Let’s pretend that we don’t know the parameters $\mu$ and $\sigma$ of the underlying distribution. We only have the samples ${x_1, x_2, \dots, x_N}$ where $N=10,000$ and $x_i \in \mathbb{R}$. How can we generate more samples from this underlying distribution?

Solution Approach

Let’s use explicit generative modelling approach to solve this problem, which is a two-step process.

  1. We first learn a distribution $p$ which should be as close as possible to the underlying distribution $p^*$ (likelihood estimation problem) using the given samples. We’ll use energy-based models to learn this distribution.
  2. Then, we use Langevin Monte Carlo algorithm to generate new samples from this learned distribution.

Loss function

We don’t know the form or anything about the underlying distribution. Let’s begin with parameterizing our distribution $p$ by $\theta$. Given training samples, the likelihood of those samples under our model distribution $p_{\theta}$ is:

\[L(\theta) := \prod_{i=1}^N p_{\theta}(x_i)\]
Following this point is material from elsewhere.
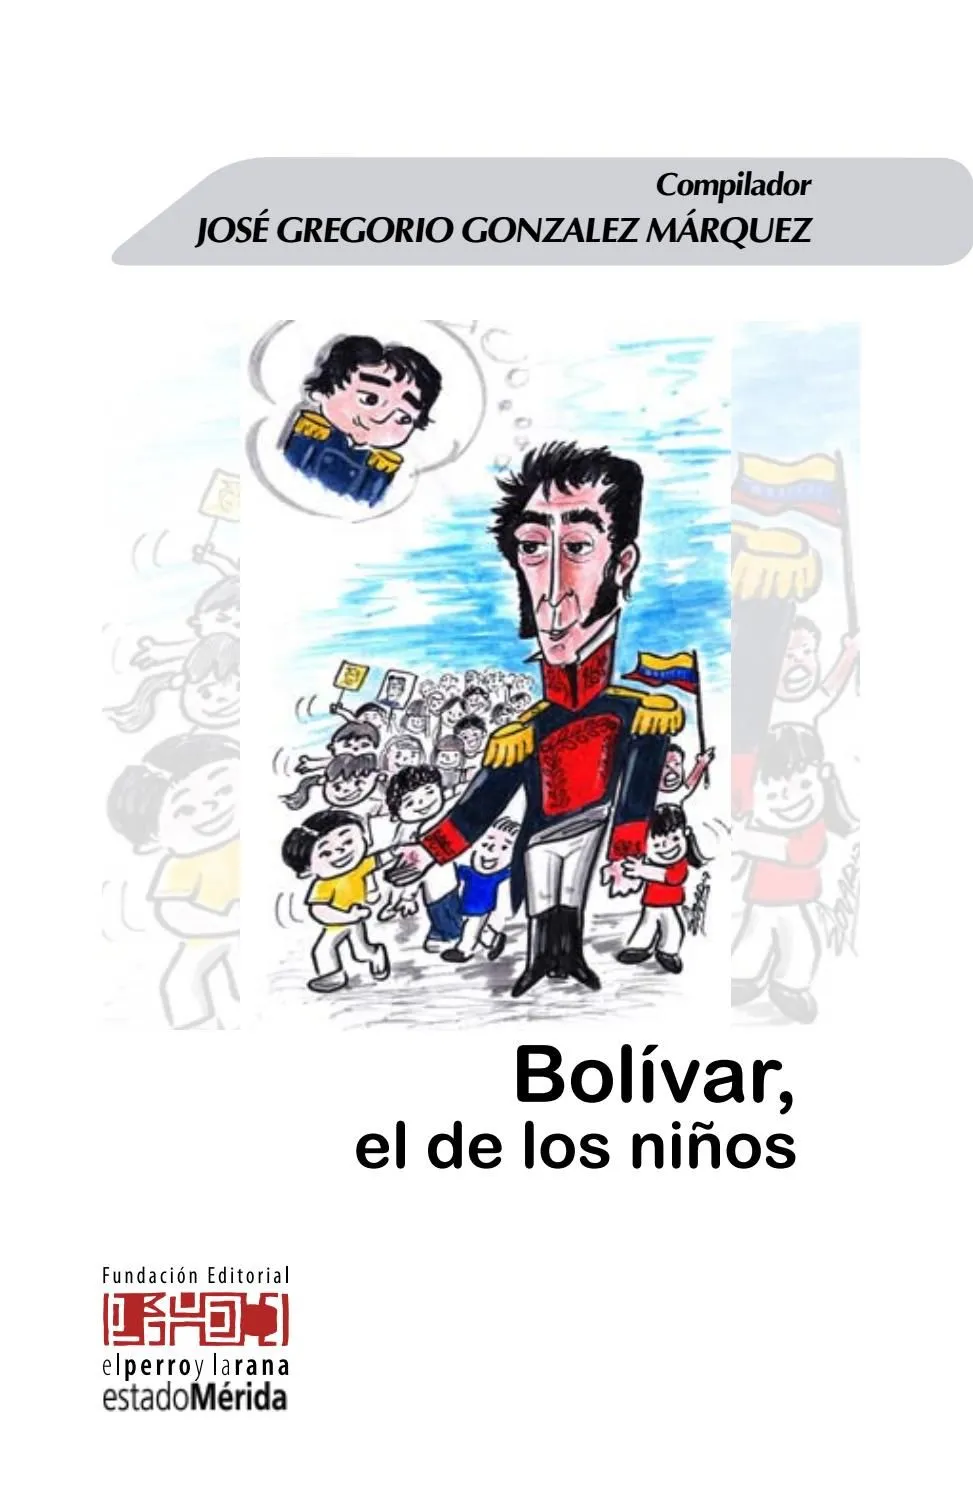 Bolivar el de los niños by Imprenta Mérida - Issuu

The log-likelihood of the data is then

\[LL(\theta) := \frac{1}{N} \sum_{i=1}^N \log p_{\theta}(x_i)\]

The objective in training is to tune $\theta$ in such a way that the log-likelihood of the data is maximized.

\[\arg \max_{\theta} LL(\theta) = \arg \max_{\theta} \frac{1}{N} \sum_{i=1}^N \log p_{\theta}(x_i)\]

But we always look at the negative of log-likelihood (NLL), which is the loss:

\[\mathcal{L}(\theta) = - LL(\theta)\]

In training, the objective is to minimize this loss. We typically use gradient descent algorithm to solve this. To use gradient descent, we need the gradient of the objective function (log-likelihood function)

\begin{equation} \nabla_{\theta} LL(\theta) = \frac{1}{N}\sum_{i=1}^N \nabla_{\theta} \log p_{\theta}(x_i) \tag{1} \end{equation}

The energy-based models assume that our distribution $p_{\theta}$ is of the form:

\[p_{\theta}(x) = \frac{e^{-f_{\theta}(x)}}{\int e^{-f_{\theta}(x)} dx} = \frac{e^{-f_{\theta}(x)}}{Z(\theta)}\]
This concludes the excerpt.